Spin-Flip TDDFT within the Sternheimer Formulation: A Gaussian and Plane Wave Implementation

We report the first implementation of spin-flip time-dependent density functional theory (SF-TDDFT) within the Tamm-Dancoff approximation in the Sternheimer formulation including the use of the noncollinear kernel. The noncollinear kernel was stabilized by introducing a screening method for the numerical integration, realizing a robust scheme of excited energy and gradient calculations of SF-TDDFT using generalized gradient approximation functionals. The implementation is evaluated by benchmark calculations of vertical excitation energies and optimized molecular geometries.
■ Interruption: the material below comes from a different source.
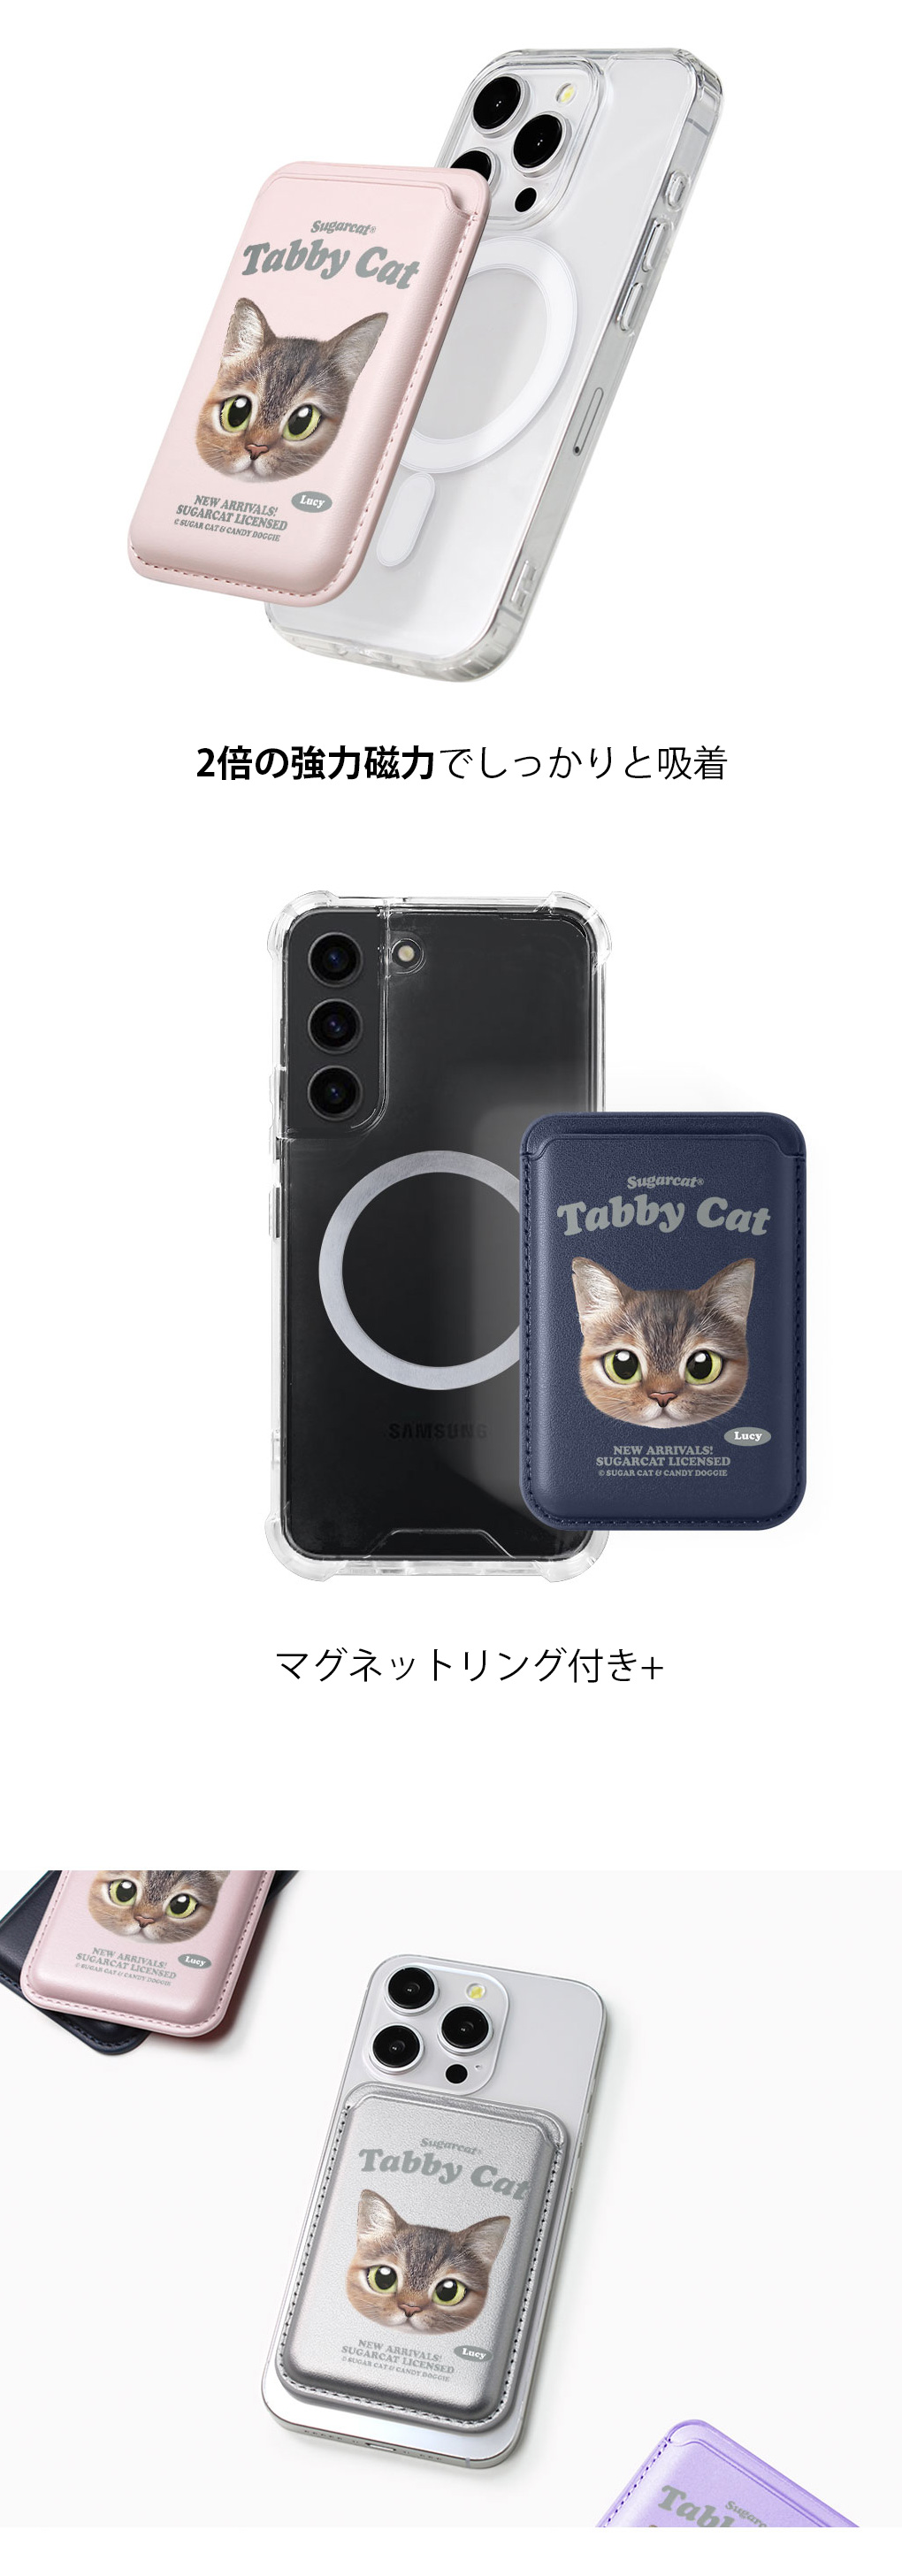 [sugarcat] MagSafe カードケース トラネコ tabby cat / トラネコデザイン マグセーフ MagSafe対応 レザーウォレット カードケース シュガーキャット ペット #クリックポスト

The benchmark for vertical excitations consists of 19 excitations with high level of theory reference data from the QUESTDB. An underestimation of vertical excitation energies was observed for the PBE and PBE0 functionals, as seen by their average deviations of −0.3 eV. The benchmark for optimized geometries consists of 25 optimized structures with high level of theory, comprising CCSD, CISD, and FCI data, and 10 reference structures optimized with other implementations of collinear and noncollinear SF-TDDFT. The optimized structures using PBE and PBE0, with a noncollinear kernel, were found to be close to the high-level reference structures, with mean deviations of 0.010 and −0.004 Å, respectively. The extension to the auxiliary density matrix method (ADMM) is also presented. We found an average deviation of 0.003 Å in the calculated bond lengths when employing the ADMM for the PBE0 functional.